Both Edvinsson and Goadsby have described the profundity of prescribing these drugs for their patients after having been so closely involved in their development. “The first time I wrote a prescription for a CGRP medicine,” Goadsby said at the IHC session, “I thought, ‘Wow, really?’ To have gone from a laboratory concept to something that is real and that people are prescribing today in the world—I find that pretty exciting.”
Despite the hope and accolades, the drugs’ pick-up among migraine sufferers has been slow, for many reasons. For one, the mAbs require injections; then there’s the hesitancy of insurance companies to pay for them, since the older triptans are available as generics and therefore less expensive. Many payors require that triptans be tried first and allow the more expensive drugs only if the triptans fail. The choices for migraine treatment are many, even if none work in all—or even most—people. Many people also find relief in nonpharmacological approaches and lifestyle changes to eliminate migraine triggers.
Migraine Research “Coming of Age”
Together, the CGRP findings and the new targets they have uncovered within the trigeminovascular system “take the field out of the 19th century,” Moskowitz says. That bodes well for sustaining the progress in future generations of research. “It can’t be seen as a sort of mystery disease if you want to attract people into the field,” Moskowitz says. “Success begets success.”
Olesen, who spearheaded a decades-long effort to create an internationally accepted classification system for headache—a Herculean endeavor that has been integral to progress in the field—says that migraine “used to be in the back alley of research.” Despite being “ridiculously underfunded” by the NIH, he says migraine is becoming one of the better understood conditions in neurology. “The field has opened up for basic research, for intelligent basic neuroscience. The progress per dollar is bigger than in any other field. That itself is a big achievement.”
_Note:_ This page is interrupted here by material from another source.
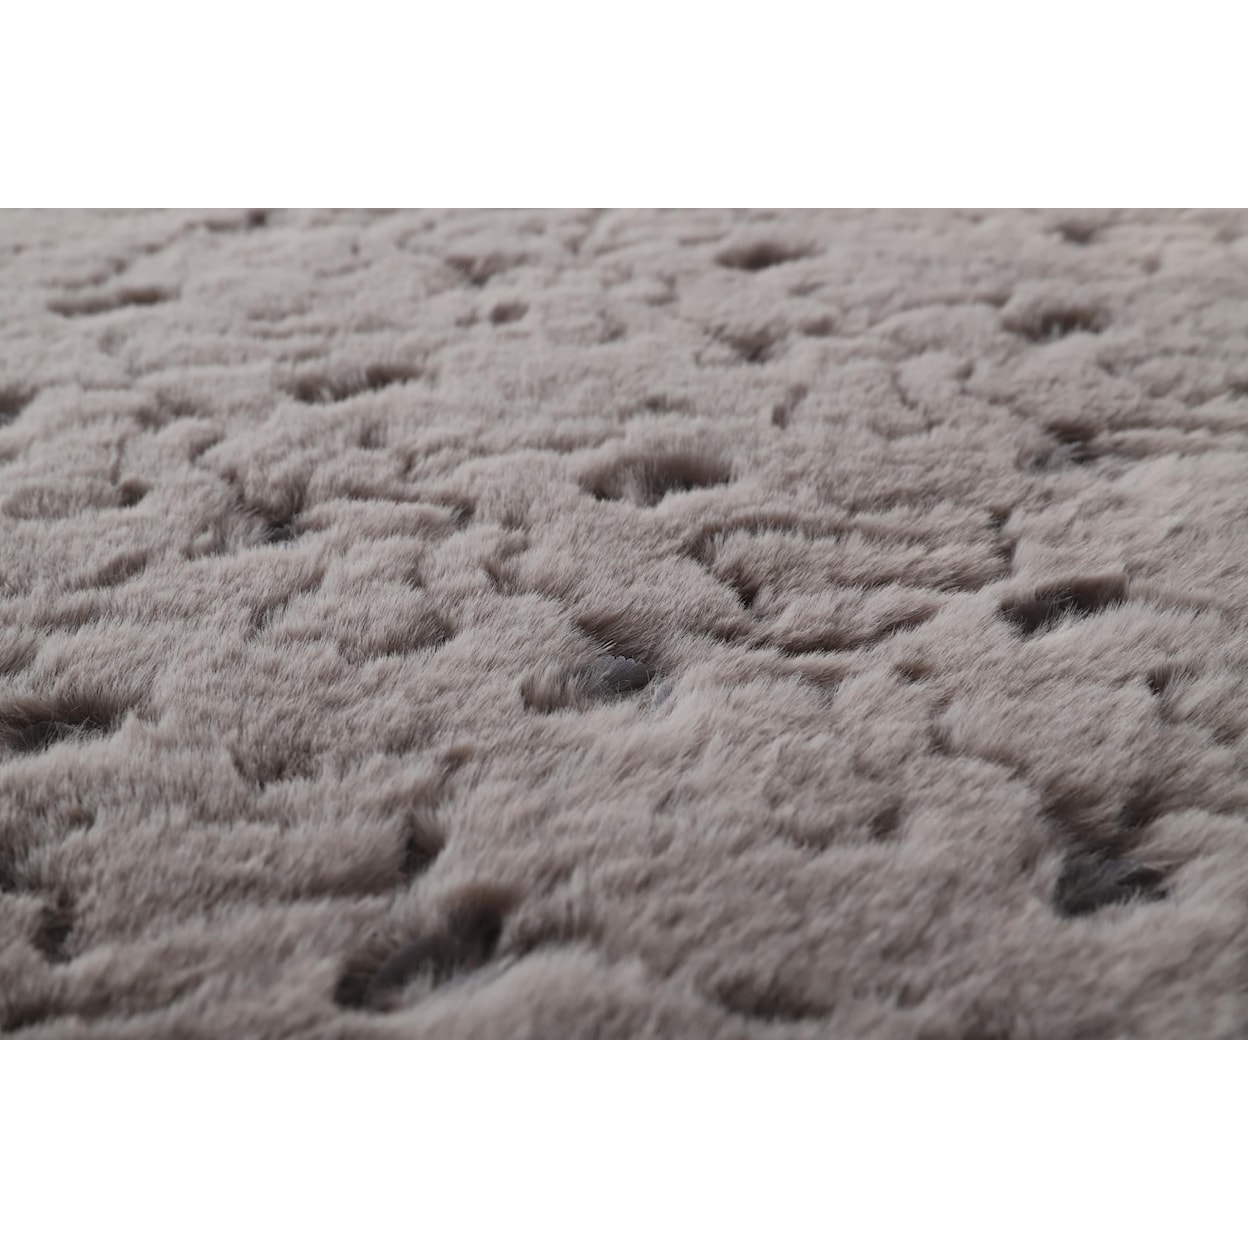 MDA Rugs Amore Collection AMORE 5X7 PATTERN GREY AREA RUG |

Goadsby sees the recognition of their research as a coming of age for the field, reflecting its transition from “being a pastime of either cranks or people at the margins, to being a topic that is respectable enough for mainstream science to ask biological questions that relate to migraine.” As the current president of the American Headache Society, he is working with the U.S. NINDS (National Institute of Neurological Disorders and Stroke) to set benchmarks for progress in migraine research—an indication, he says, of the maturity of the field.
A roadmap for research might address some unanswered questions. We still don’t know what causes migraine, for example. We don’t know why migraines are more frequent and severe in women—a question Edvinsson’s lab is focused on answering. And a healthy debate continues as to whether the pain and associated symptoms of migraine are vascular or neural at their root—recent evidence points to the latter, against long-standing convention—and how the two interplay. Yet, for once, it seems the medical “mystery disease”—long ignored and stereotyped by society and science alike—is getting seen.